The businessman, who made the disclosure on Trevor Noah's The Daily Show, said two of the vaccines will eventually be picked after billions of dollars has gone into the seven vaccines.
Legit.ng noted that Gates said: "Because our foundation has such deep expertise in infectious diseases, we've thought about the epidemic, we did fund some things to be more prepared like a vaccine effort, our early money can accelerate things."
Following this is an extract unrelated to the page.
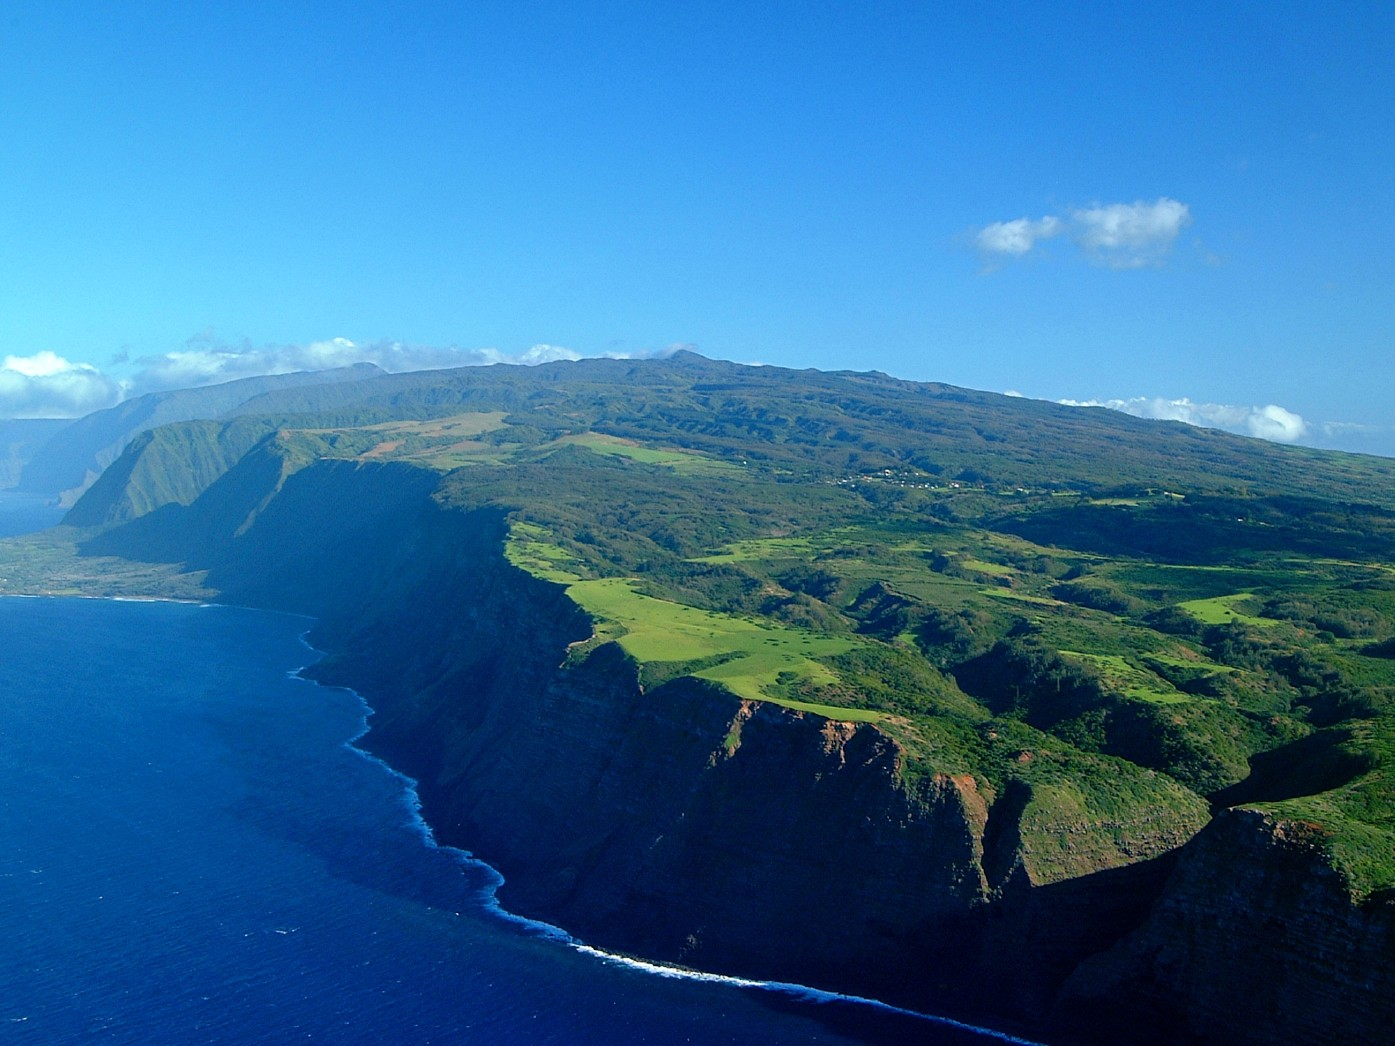 Travel Trip Journey: Hawaii-Molokai

He said it is worth wasting a few billion where there are trillions of dollars being lost in the current situation the world finds itself.
His words: "Even though we'll end up picking at most two of them, we're going to fund factories for all seven just so we don't waste time in serially saying 'ok which vaccine works' and then building the factory.
"It'll be a few billion dollars we'll waste on manufacturing for the constructs that don't get picked because something else is better. But a few billion in this situation we're in, where there's trillions of dollars [...] being lost economically, it is worth it."